Thanks for your response, Jeffery.  And especially for the Hell as Bulletin
Board post earlier.

I could address your point directly, but I think the discussion would just
get more tangled, and I don't think untangling it would lead us to any
position different from the position that we are in now: we have to decide
what we think of hell with only very limited support from our rational
capacity, because we may not have all the necessary information, and cannot
know if we do or do not.

To judge the actions of an omniscient being we would need to share the
knowledge base that the omniscient being has; i.e., be omniscient ourselves,
or in other words, God.  To judge God we would need to be God.
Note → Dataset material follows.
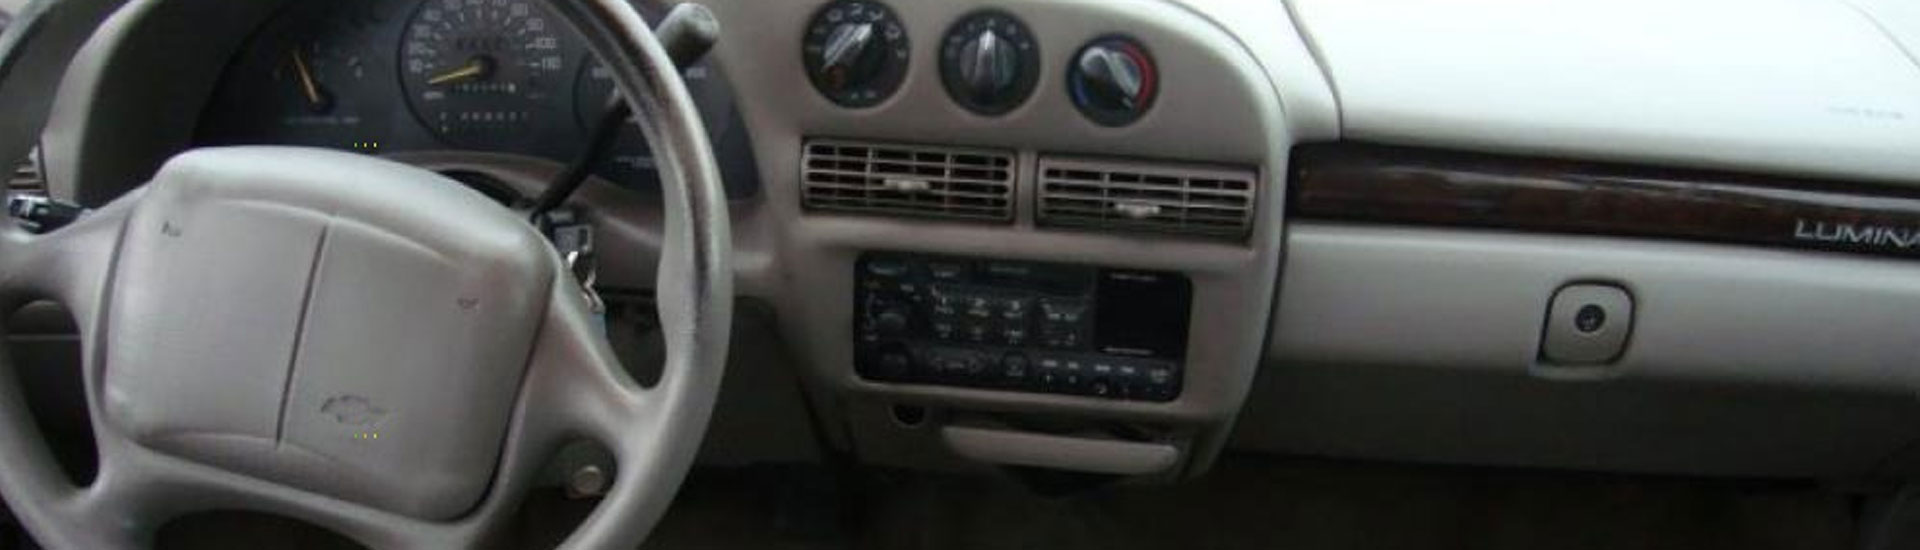 Chevrolet Lumina Dash Kits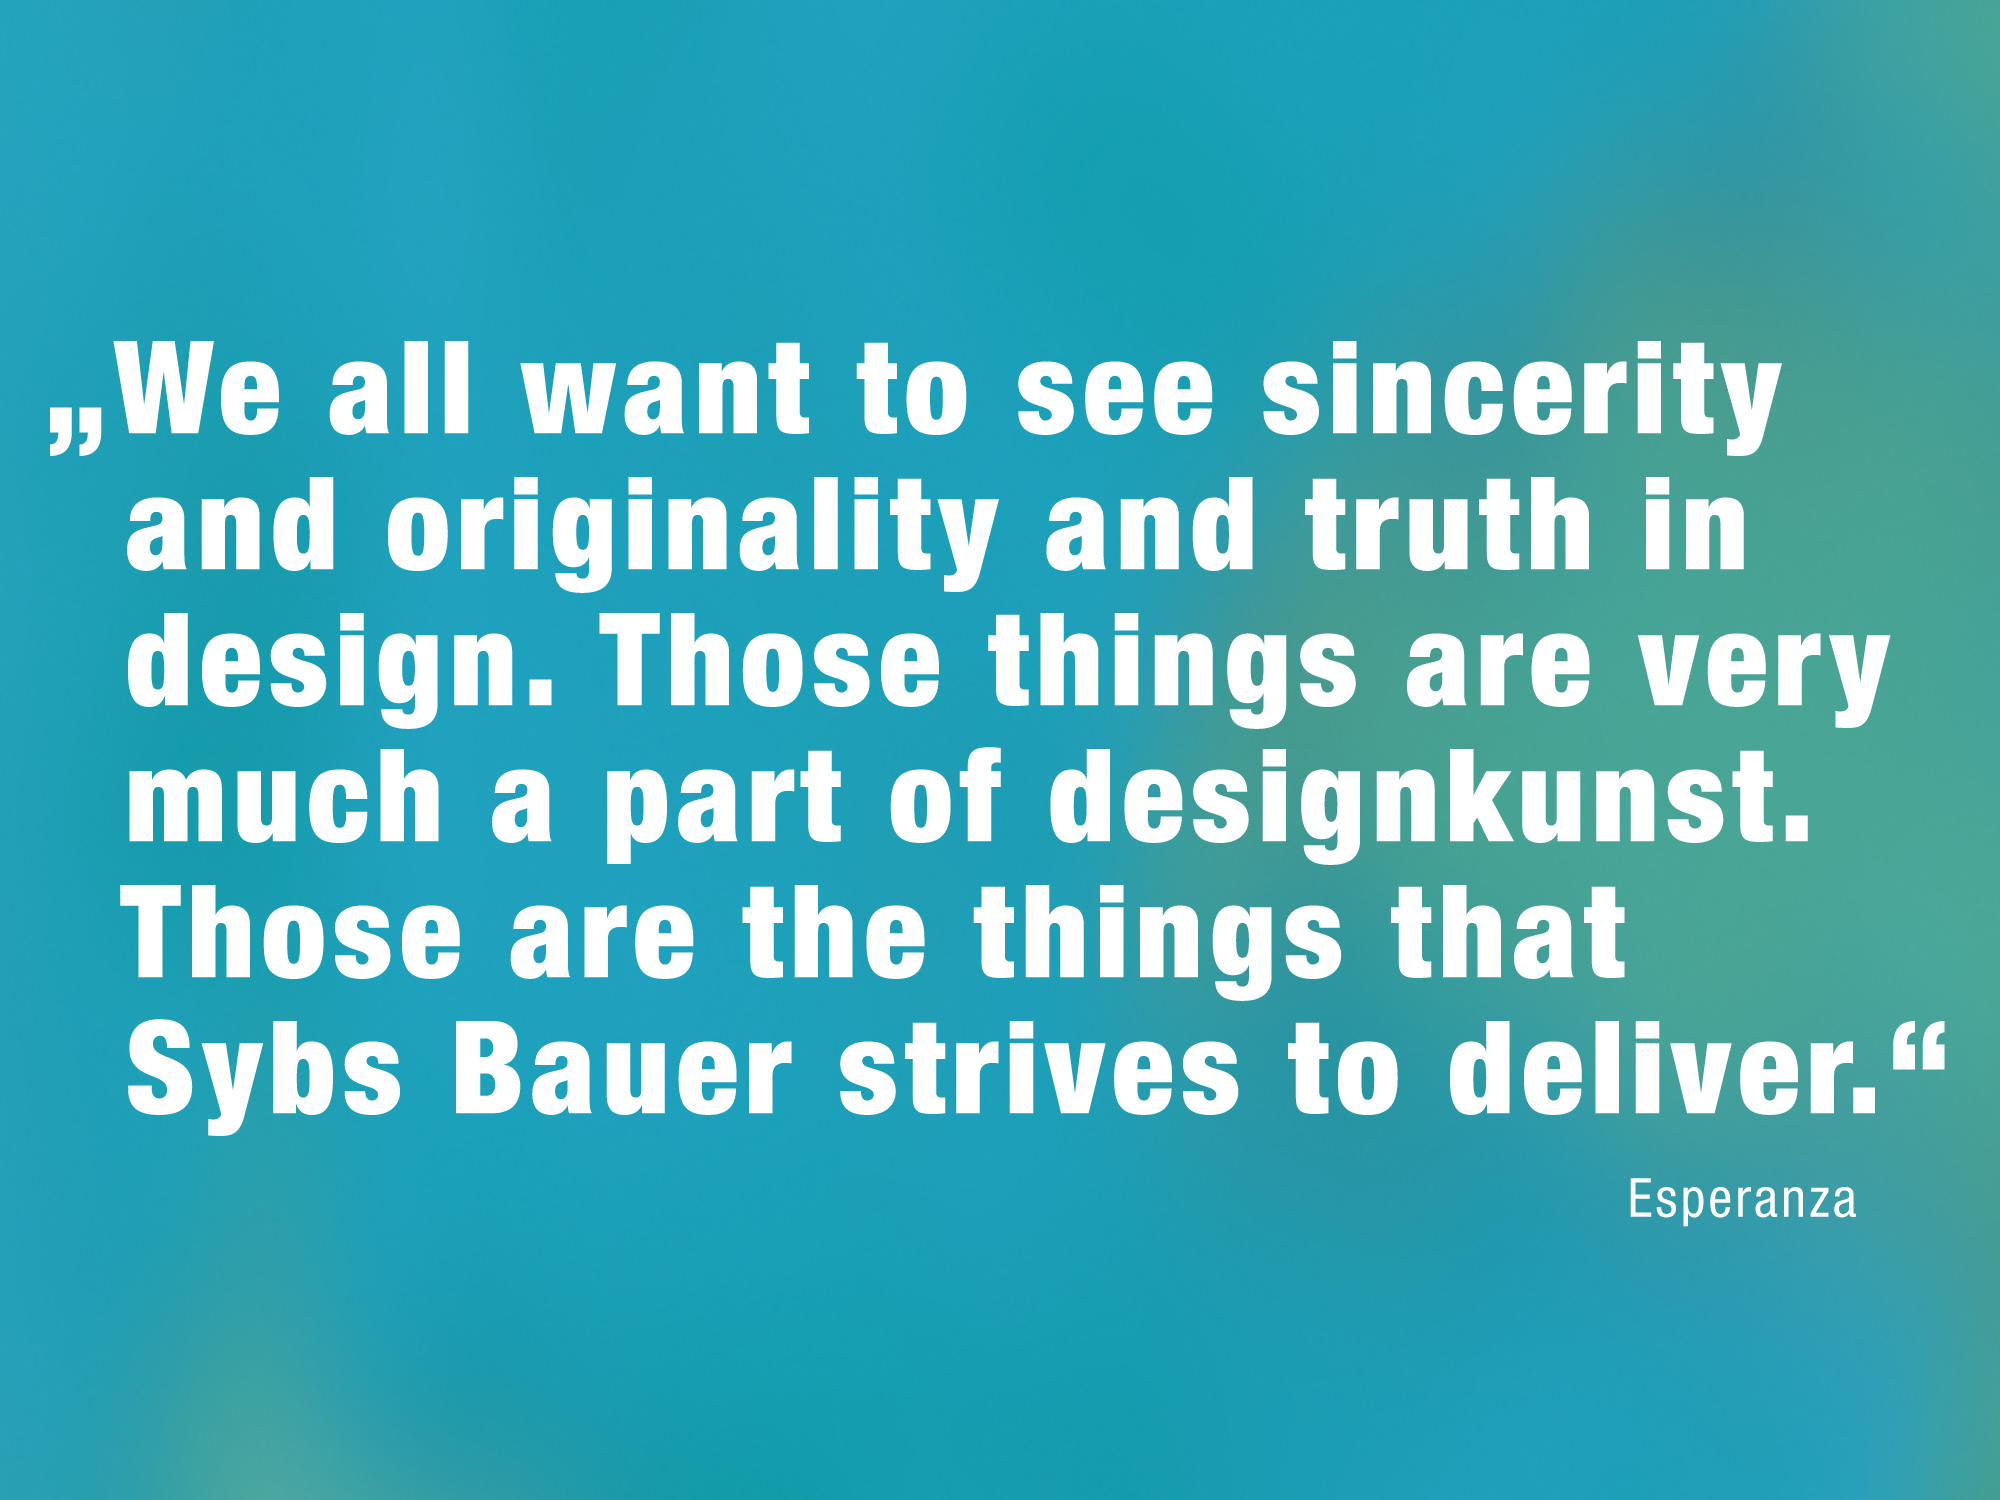 Zitat über die Arbeit von Sybs Bauer

But I would like to add one more thought to the discussion.  When we
consider the worst possible legal punishment offered in several Western
countries -- the death penalty -- we confront a great debate.  This is the
worst possible punishment that we can offer and is irrevocable.  While all
punishments are irrevocable -- you can't return to a person the time he or
she lost in jail -- the death penalty is especially so, as there is no
restitution or remediation possible at all.

Add to this fact the fact that our court systems are less than perfect --
that all judges and juries are always working with incomplete knowledge,
especially about motive and circumstance, that people with more money tend
to see a different species of justice than those with less, that biases come
into play -- and people are understandably very nervous about the death
penalty and some think it should never be an available option.

Now I think many of us are reasoning this way about God.  But the Christian
God is conceived of as the sum of all virtues, power, and knowledge.  There
is no question about acts, motives, or circumstances, so judgment is always
perfect.  If there is a hell, and people are sent there by this God, these
people deserve it.

So, in these circumstances, would it matter that we think otherwise?  If
this God exists, isn't our judgment irrelevant, except as it reveals our own
character?

That is one of the reasons why I think the existence issue has to be
resolved prior to our thinking about Hell.

If (the Christian) God does not exist, Hell is just the projection of human
anger toward injustice onto the cosmos.  And, in that case, it is an
overstatement of this anger.  All sins are temporal and end with the
sinner's physical existence, if sin even can be said to exist.

If God does exist, sins are not temporal, do not end with the sinner's
physical existence, and the existence of Hell may be a necessity as well as
a moral good.

Jim R

On Mon, Feb 22, 2010 at 3:31 AM, Horace Jeffery Hodges <
jefferyhodges at yahoo.com> wrote:

> Jim, I suppose that one could wonder why -- given our epistemic
> circumstances -- someone might prefer hellfire as metaphor to hellfire as
> literal fire. Both are logically equally justificable since God could have a
> 'good' reason for allowing either one . . . presumably. I suppose that an
> individual might find metaphor more plausible here than literal readings.